沈清禾出發的時候,天還沒有亮透。綠意牽了馬在角門等著,馬背上搭著一個小包袱,裡面裝了兩件換洗衣裳和幾塊乾糧。
她只帶了綠意一個人,沿著城牆根繞了一段,拐上了一條通往南面的小路。
路不好走,昨夜下過雨,泥地還沒幹透,馬蹄踩下去濺起泥點。
沈清禾勒著韁繩,讓馬放慢了步子。
綠意跟在後頭,隔了兩步遠,沒有出聲。
走了大約一個時辰,官道在遠處出現,沈清禾沒有上官道,繼續走小路,繞過了沿途的驛站和關卡。
柳林渡在京城南面兩百多里,騎馬走小路要一天半。她計劃在天黑之前趕到渡口附近落腳,第二天一早進鎮子。
午時過後,路過一座茶棚,棚子搭在岔路口,有幾根歪歪扭扭的木柱撐著茅草頂,裡面擺著四張條桌。
一個穿灰布衫的老頭坐在灶臺後面打盹,聽見馬蹄聲才睜開眼。
沈清禾在棚外勒住馬,問了一句:“前面往柳林渡的路好不好走?”
老頭眯著眼看了看她,又看了看綠意,慢吞吞地說:“往柳林渡啊,走大路快,半個時辰就到。走小路要繞遠,但路也不差,就是昨天下雨有些泥濘。”
沈清禾點了點頭,道了聲謝就催馬繼續趕路。
走出去一段之後綠意回頭看了一眼,低聲說:“王妃,那個茶棚裡灶臺上的壺嘴是朝外的。”
壺嘴朝外,是給過路的人看的,表示這家茶棚的主人不關門。但一個打盹的老頭,灶臺上沒有火,壺嘴卻特意轉向朝外,說明這個茶棚不是用來賣茶的,是用來傳遞資訊的。
有人在路口守著,看見有人往柳林渡方向去,壺嘴就朝外擺著。
她沒有回頭,也沒有加速,保持原來的速度繼續往前走。
傍晚時分,她們在柳林渡以南五里處的一座廢廟裡歇腳。
廟不大,供的神像已經倒了大半,屋頂漏了幾處,但牆角還能避風。綠意把馬拴在門外的枯樹上,在廟裡生了一堆小火,把乾糧烤了烤。沈清禾坐在火堆旁,從懷裡掏出那塊舊布地圖攤在地上,就著火光看了一會兒。

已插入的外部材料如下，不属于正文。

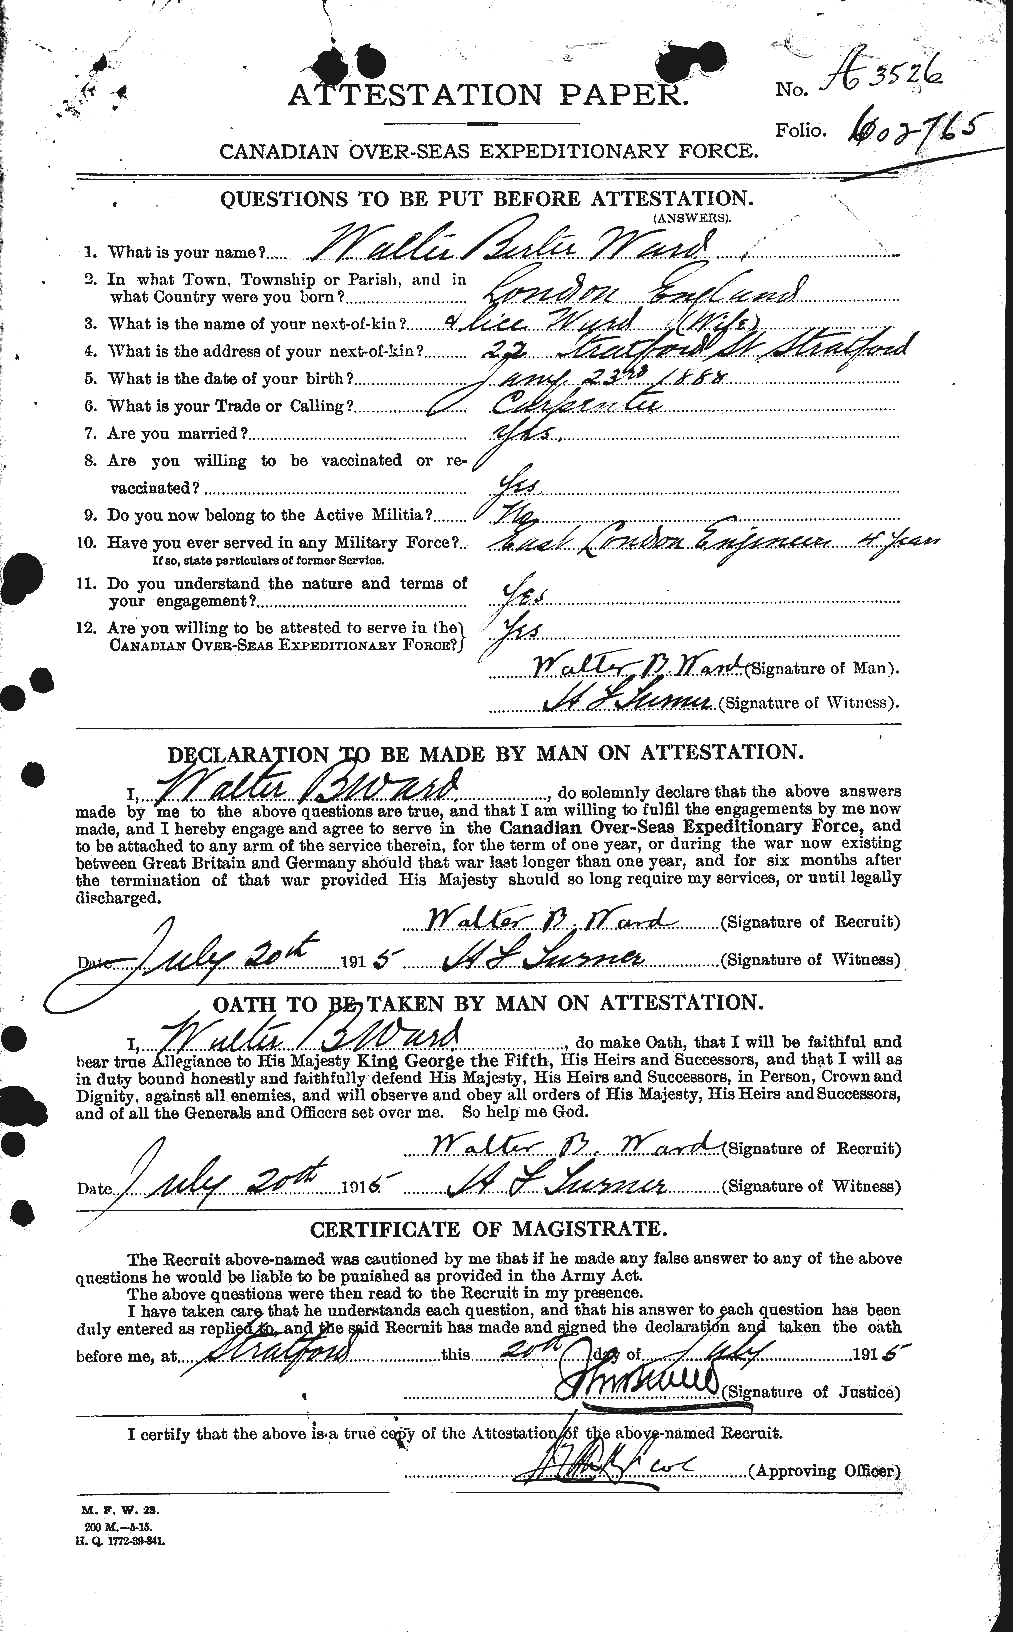 Personnel Records of the First World War - CEF 659755a

圖上標著柳林渡的位置,在一條小河與官道的交匯處。周掌櫃的茶樓在橋頭左邊,二樓靠窗的位置正對著渡口。管家上次來的時候在那裡坐了一個時辰,取走了一個油紙包。那個油紙包後來被送進了趙懷安的牢房,趙懷安用它跟沈清禾提條件。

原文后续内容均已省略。